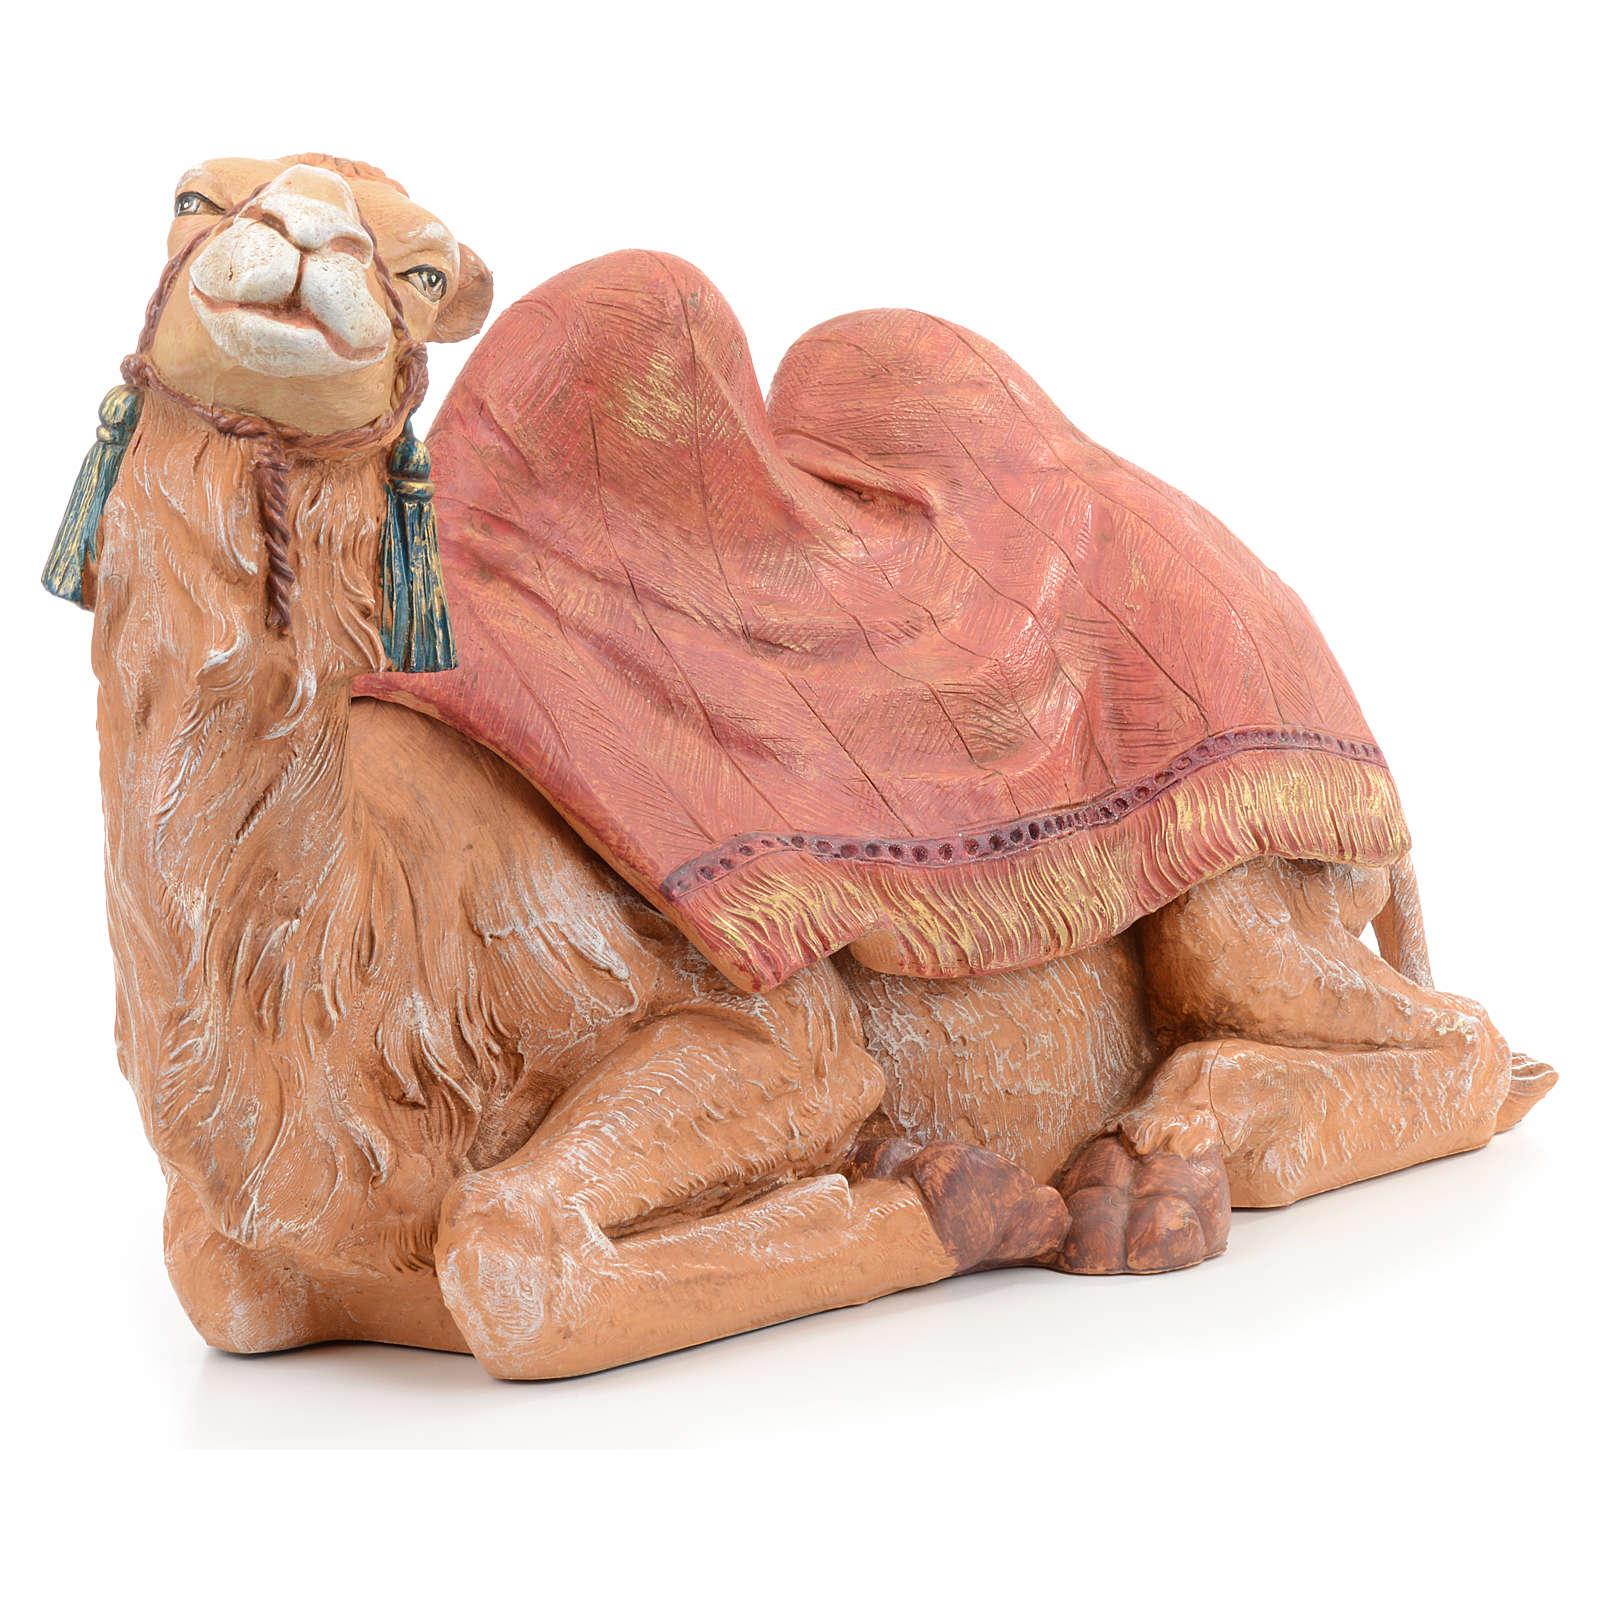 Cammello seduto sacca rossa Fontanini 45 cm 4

==============================

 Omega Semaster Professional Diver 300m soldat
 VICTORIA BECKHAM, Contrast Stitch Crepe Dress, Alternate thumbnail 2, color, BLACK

==============================

Quote the data above from the line containing "Omega Semaster Professional" to the line containing "VICTORIA BECKHAM, Contrast", inclusive, and stop.

 Omega Semaster Professional Diver 300m soldat
 VICTORIA BECKHAM, Contrast Stitch Crepe Dress, Alternate thumbnail 2, color, BLACK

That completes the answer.